All you are going to do to begin is place that foam roller flat on the ground. For this one the placement of the foam roller is going to be really important. You are going to go ahead and lay right on top of it, and be sure to place it right in the center of your thigh. You can use your forearms for support, or even keep your back feet on the ground if you’d like to minimize pressure if it is too much. From here you are just going to try to roll the foam roller all the way to the top of your kneecap, and then roll it all the way up to the top part of your hips. Then you just keep rolling back and forth here, trying to keep that leg straight. If you want more pressure, you could cross your legs to intensify it. For example, if you want to foam roll your right quad more, you can take your left leg and place it on top of your right leg so that only your right leg is now touching the foam roller to add a little bit more pressure, and continue rolling back and forth.

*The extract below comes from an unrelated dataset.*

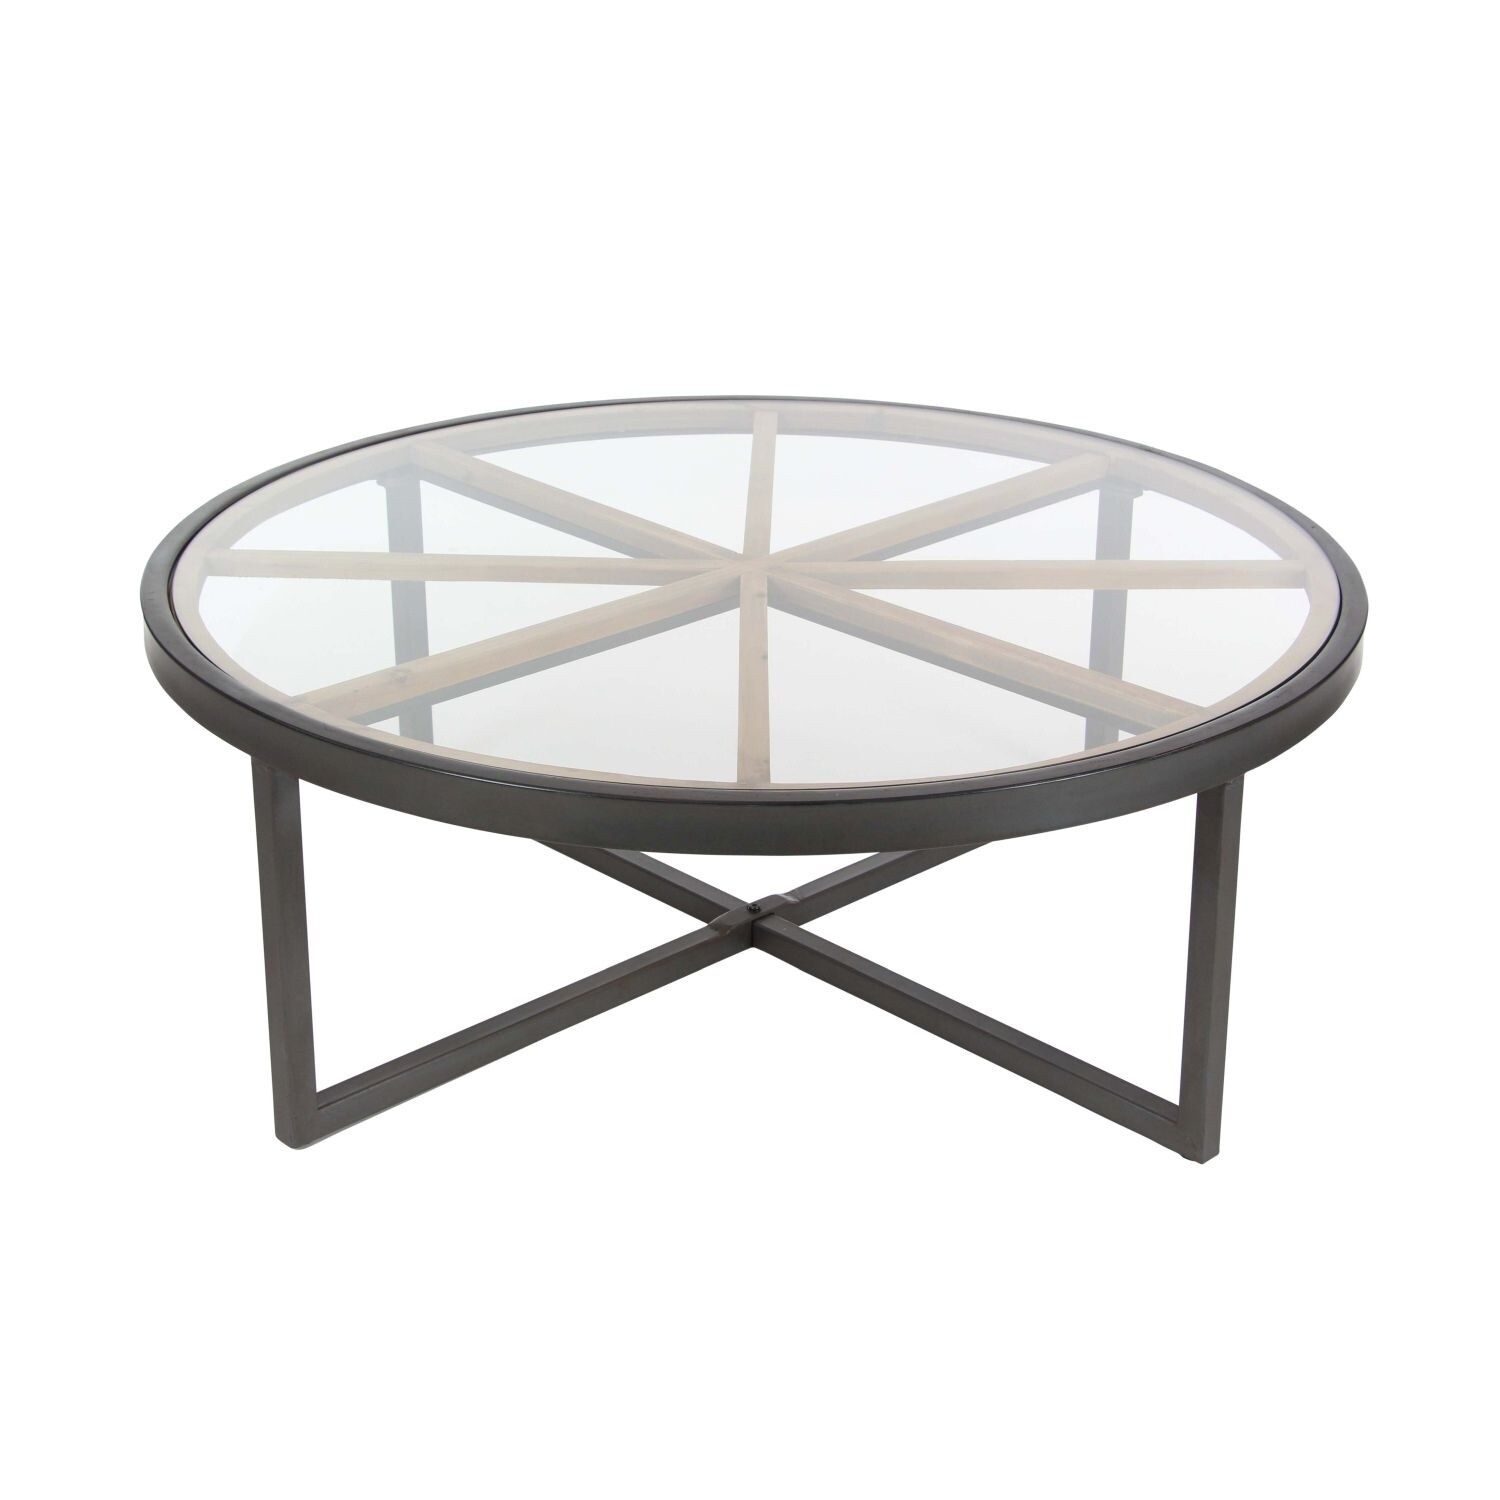 Studio 350 Metal Glass Wood Coffee Table 39 Inches Wide, 14 Inches High –  Bed Bath & Beyond – 17240699 Regarding Studio 350 Black Metal Coffee Tables (View 8 of 15)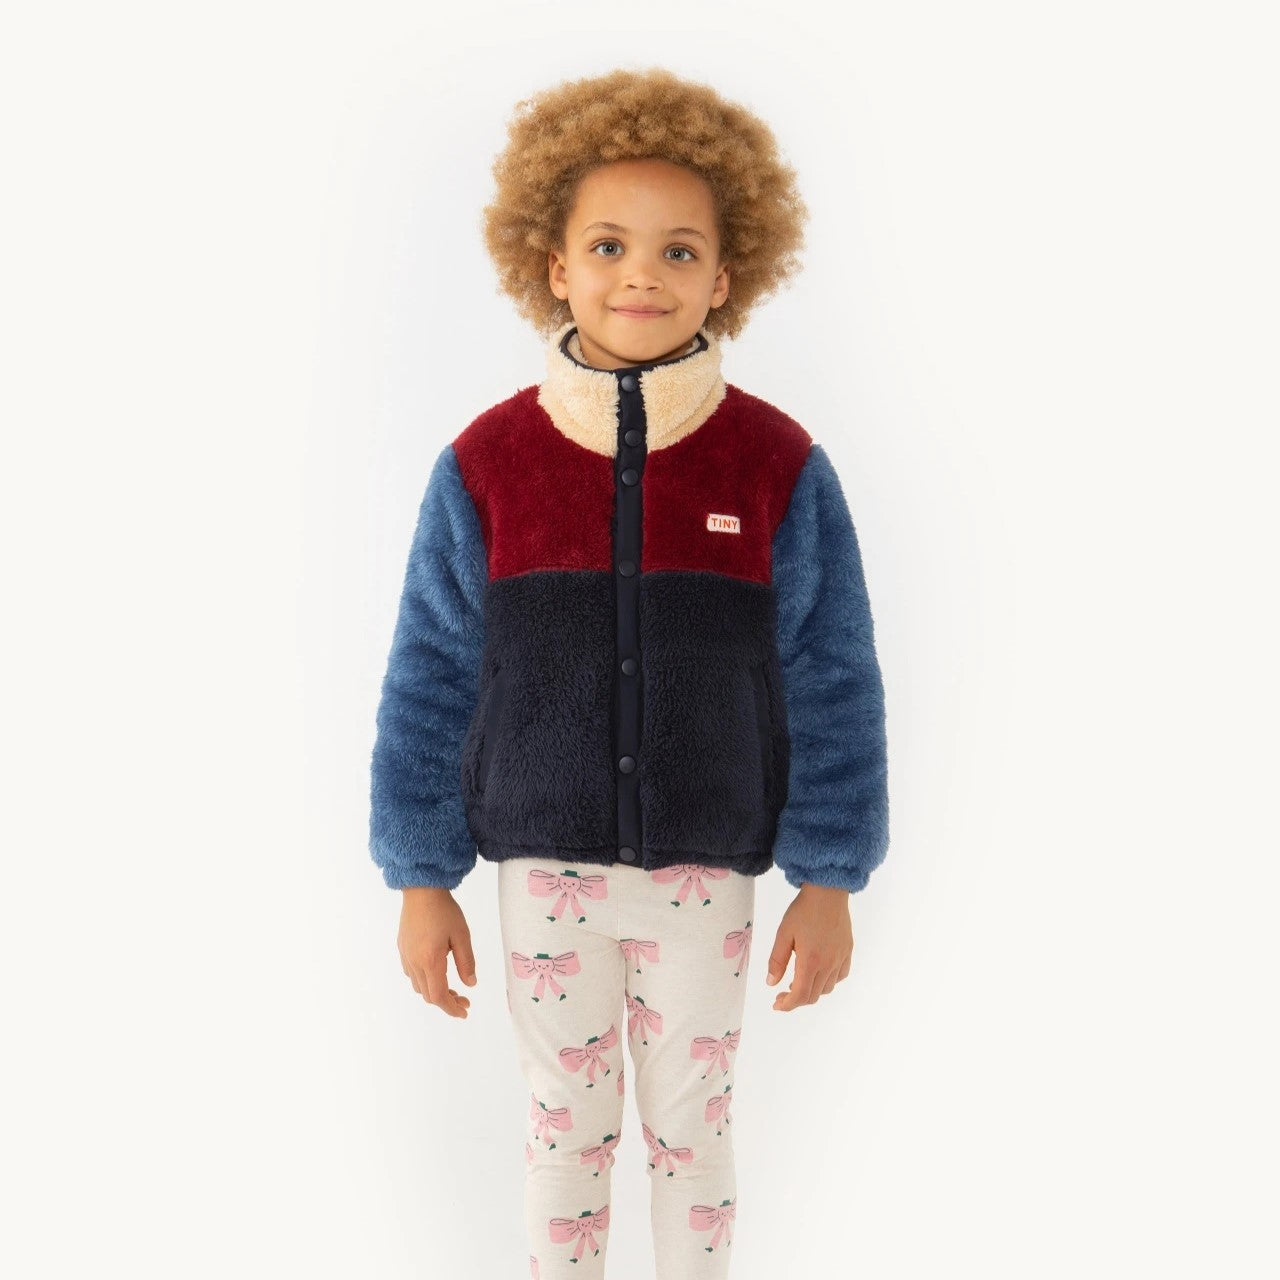 ﻿TINYCOTTONS Color Block Polar Sherpa Jacket Navy Deep Red ALWAYS SHOW

Now if you find a great knot, meaning that you’re finding some tenderness or tension as you foam roll that quad, you can isolate a little bit by bending your knee and rolling yourself back and forth on top of the foam roller. So rather than the foam roller rolling over it, you are just rolling your quad over that knot that you found. Once it starts to feel a little less intense on the knot, straighten out that leg again. Most of us are pretty quad dominant from sitting all day long, which can add more pressure into your knees and into your hips while you are weight training, so this is a great area to be foam rolling.
You can also kind of roll inward a little bit to get the inside part of that quad to the knee, and you can turn out a little bit to get more of the quad and IT band area as well. Roll up and down about 5 times, working out any knots along the way. Carry out the same process on your other leg if you crossed them for more intensity to effectively loosen up your quads and help protect your knees during your workout!